Однажды твой отец пришел к дереву, держа в руке топор. И клен, который до того выдерживал прикосновения самой острой стали, после моих заклинаний поддался его ударам; по моей просьбе твой отец сделал из этого дерева колыбель, куда тебя положили сразу после твоего рождения. Господь сдержал свое слово; да будет же благословенно твое имя, Боже, ибо ты всемогущ и милосерден.
Юноша перекрестился.
– А теперь, – спросил он, – мне нужно еще что-нибудь сделать?
– О, да, – ответила Дама в черном, – конечно, юноша, тебе нужно завершить начатое.
– Приказывайте, сударыня, – сказал молодой человек, – и я все исполню.
– Раскопай землю у подножия клена, и ты найдешь там останки графини фон Виндек и ее сына; захорони их в освященной земле, и, когда они будут захоронены, подними камень, лежащий на моей могиле, вложи мне в руки веточку самшита, освященную на Пасху, и смело замуровывай крышку, ибо теперь я восстану из могилы лишь в день Страшного Суда.
– Но как я узнаю вашу могилу?
– Она третья справа от входа; впрочем, – добавила Дама в черном, протягивая к юноше руку, которая была бы совершенной по красоте, если бы не ее мертвенная бледность, – взгляни на это кольцо: оно будет у меня на пальце.

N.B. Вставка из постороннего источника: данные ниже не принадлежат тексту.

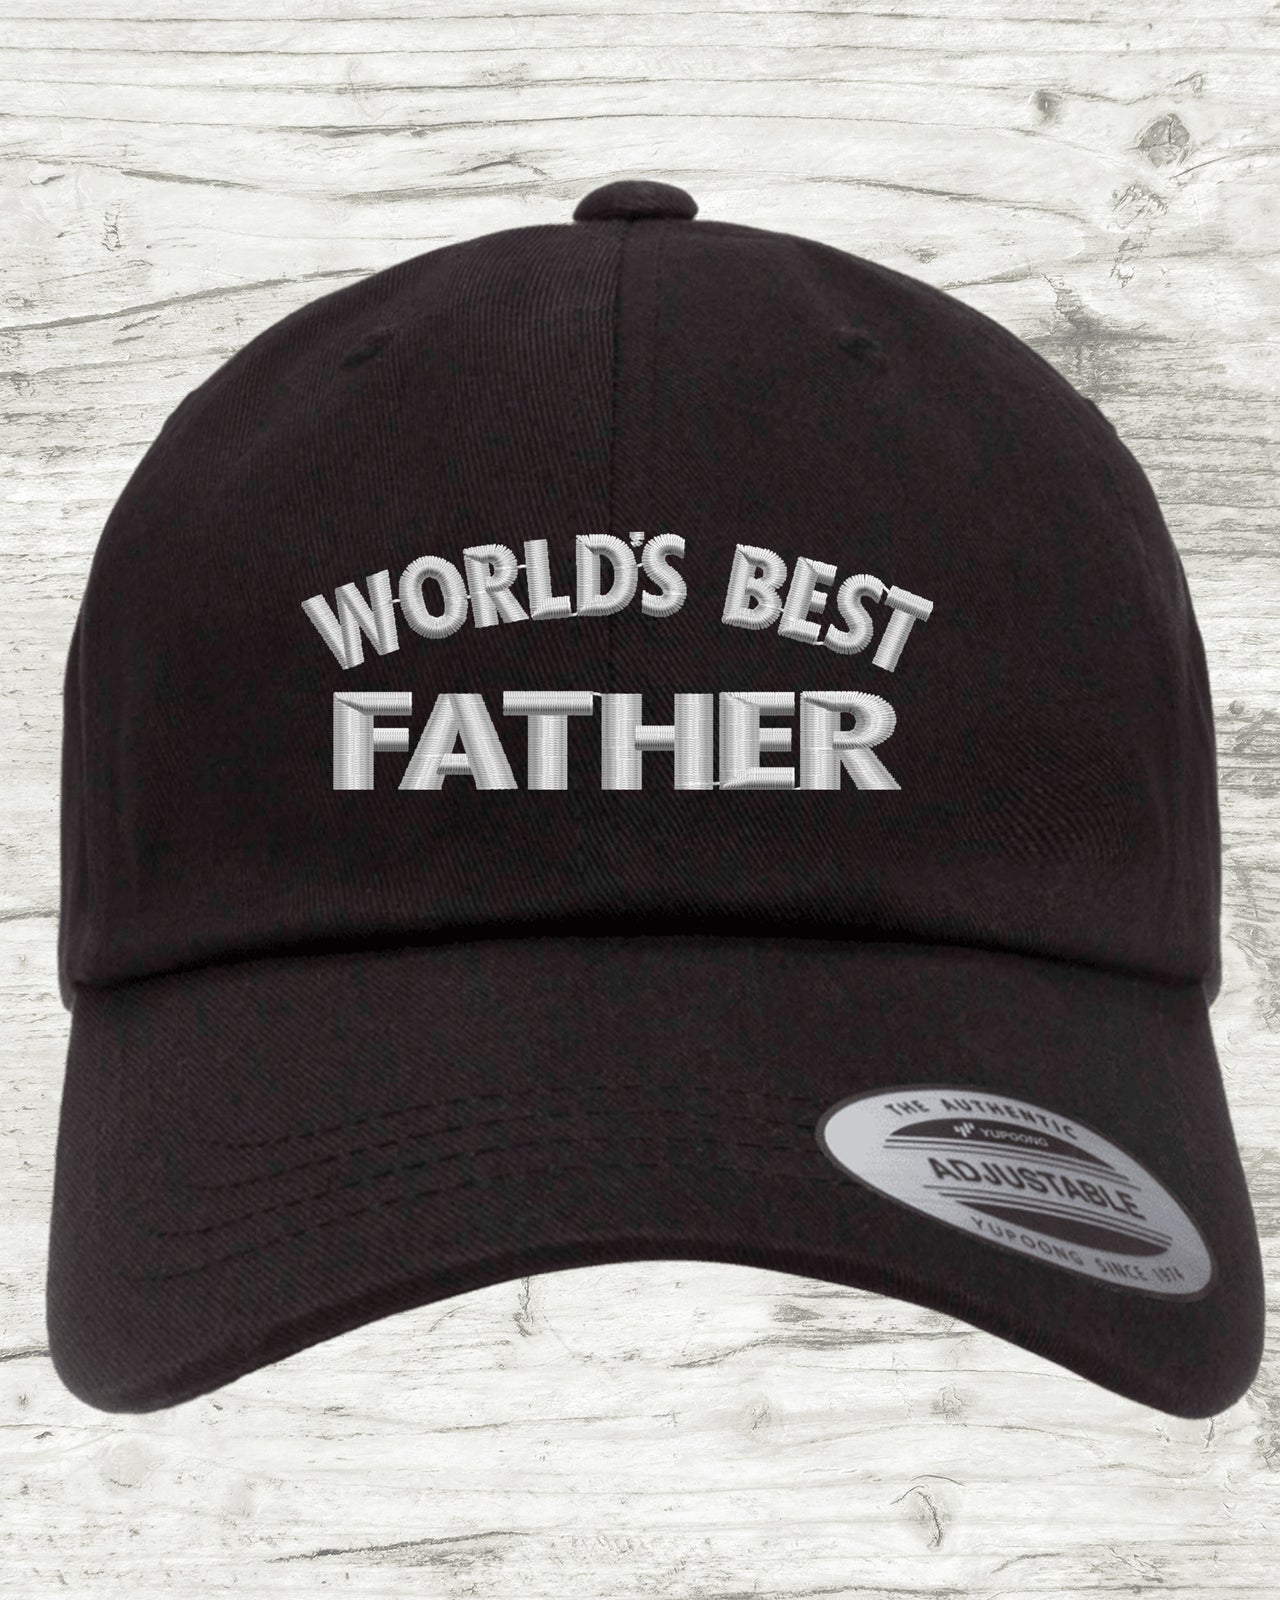 World's Best Father, Dad Hat, Dad Cap, Fathers Day, Hat for Dad, Father's Day, Dad Gift, Gift for Dad, Daddy hat, Father, Embroidered Hat

Юноша взглянул на кольцо и увидел рубин такой чистой воды, что он освещал не только руку дамы, но и ее прекрасное и грустное лицо, у которого, как и у ее руки, не было иных недостатков, кроме чрезмерной бледности.
– Я сделаю так, как вы пожелаете, – сказал юноша, прикрывая рукой глаза, чтобы защитить их от блеска, исходящего от карбункула, – и сделаю это завтра утром.

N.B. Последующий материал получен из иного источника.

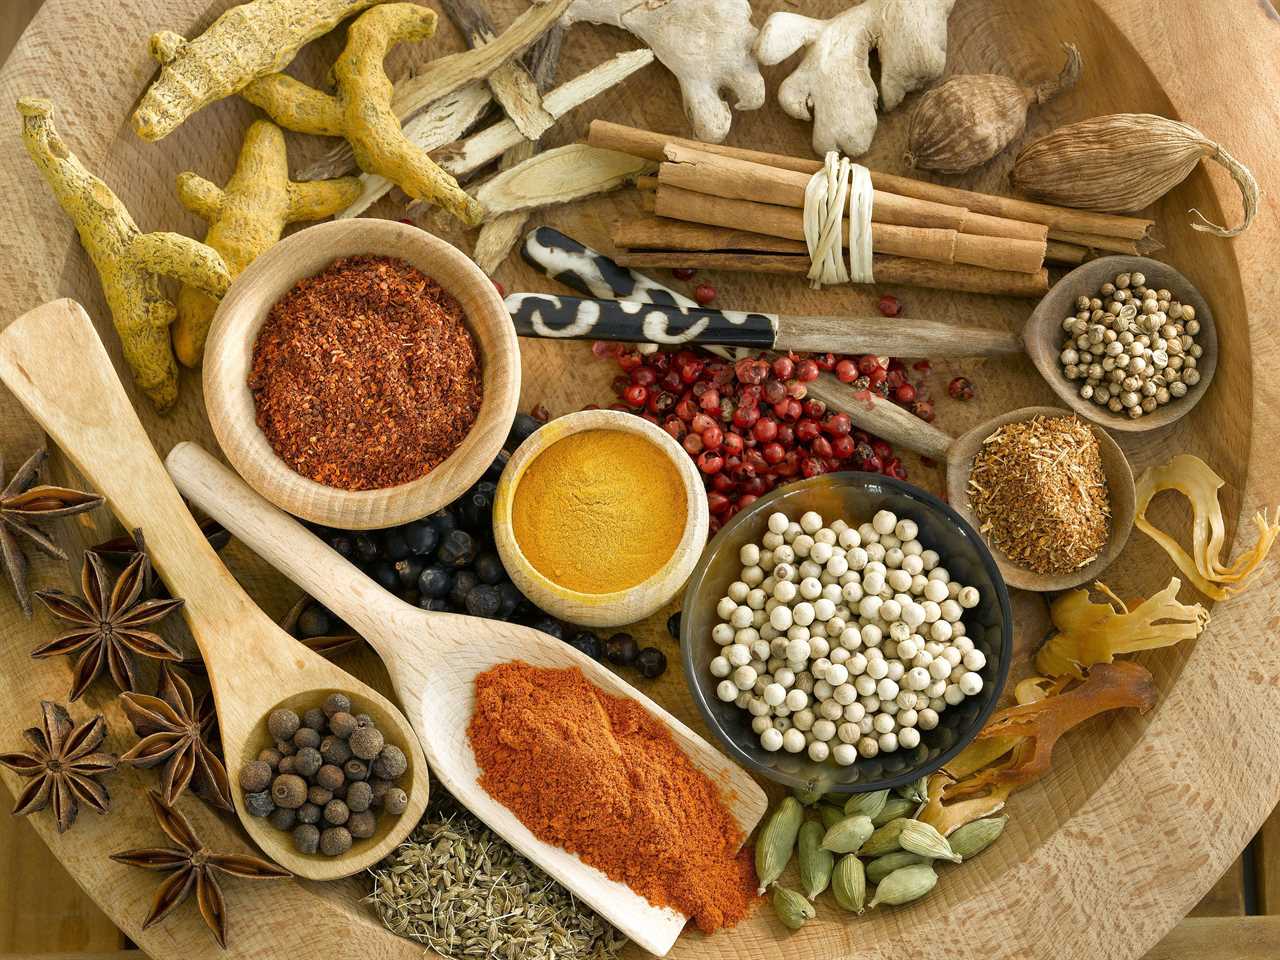 African Spice Blends For Meat

– Да будет так! – ответила Дама в черном.
И она исчезла, словно сквозь землю провалилась.
Юноша почувствовал, что происходит нечто странное: он отнял руку от глаз, огляделся и увидел, что стоит один среди развалин, возле двери, ведущей в восточную башню замка, сжимая в руке кленовую ветку; дверь в башню была закрыта.

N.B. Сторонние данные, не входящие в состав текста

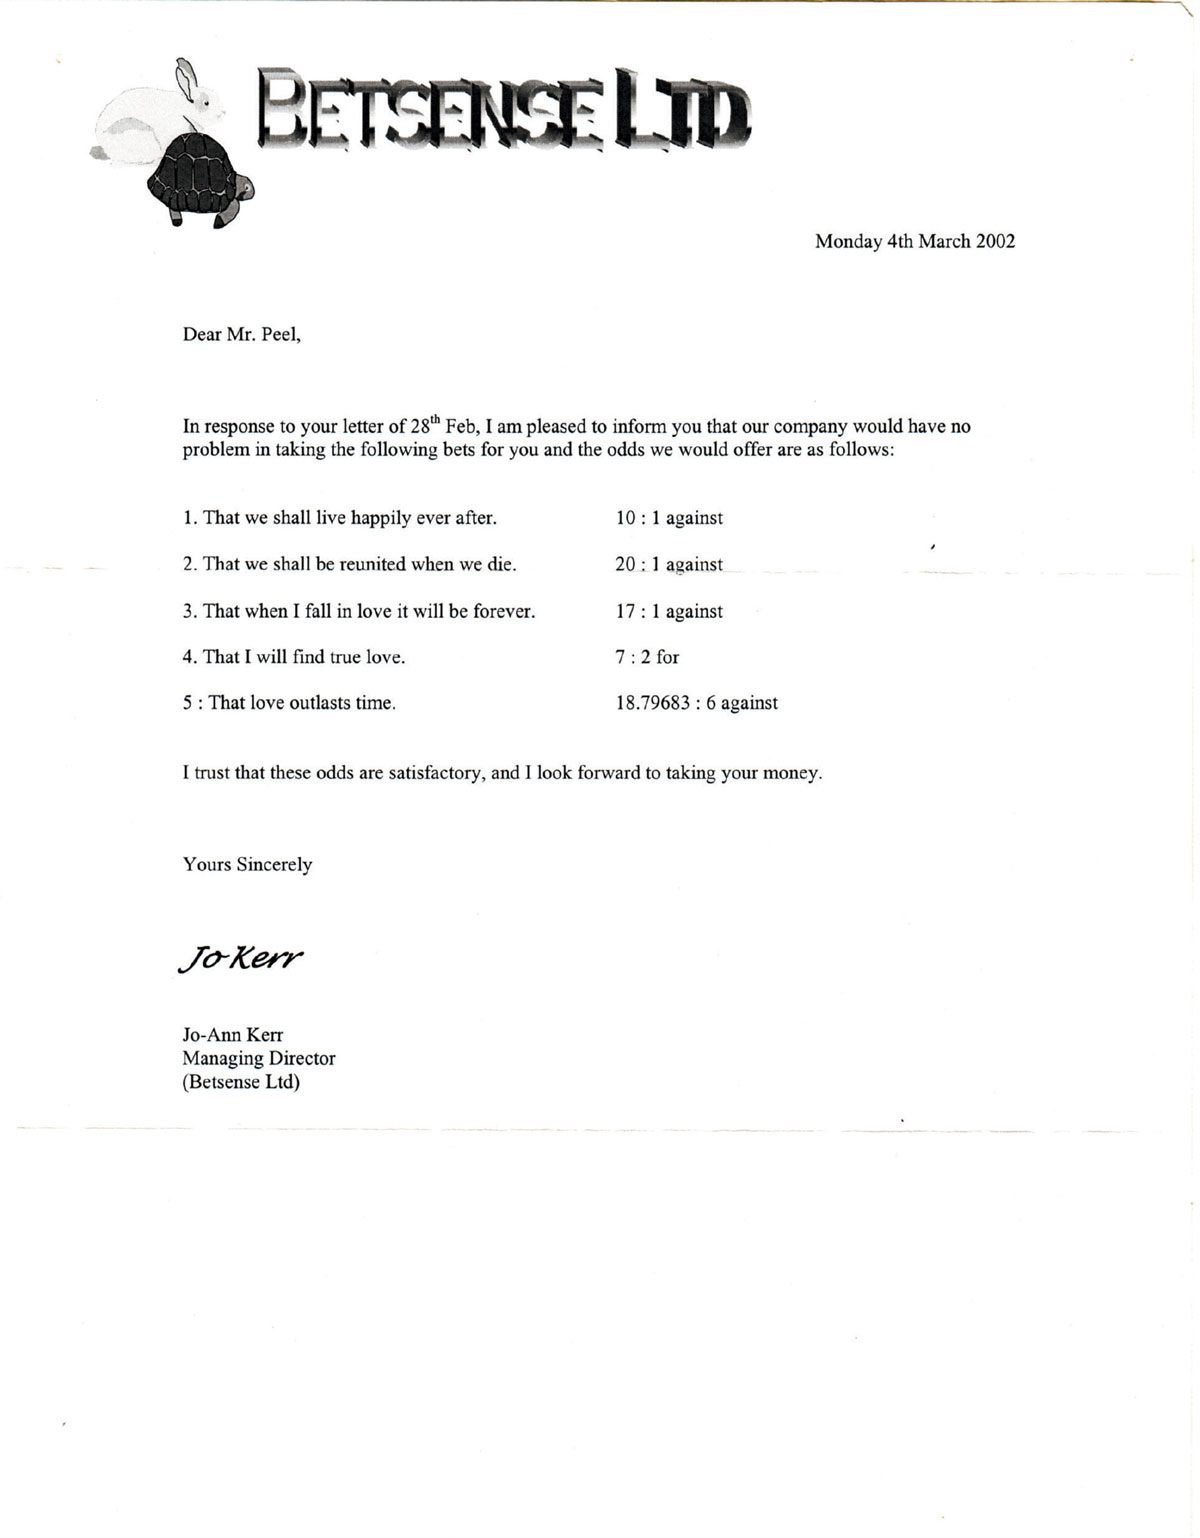 A letter addressed to James Peel from Betsense Limited, dated March 2002. The company writes to offer odds on various propositions including “That we shall live happily ever after 10 to 1 against” and “That i will find true love, 7 to 2 for.”

Юноша вернулся домой и все рассказал родителям, которые усмотрели во всем этом десницу Божью; на следующий день приходской священник Ахерна, которого предупредили заранее, отправился на указанное юношей место, распевая "Magnificat"[46], в то время как двое могильщиков копали землю возле клена. На глубине пяти или шести футов, как и говорила Дама в черном, были обнаружены два скелета, причем руки матери все еще прижимали к груди скелет ребенка.
В тот же день графиню и ее сына похоронили в освященной земле.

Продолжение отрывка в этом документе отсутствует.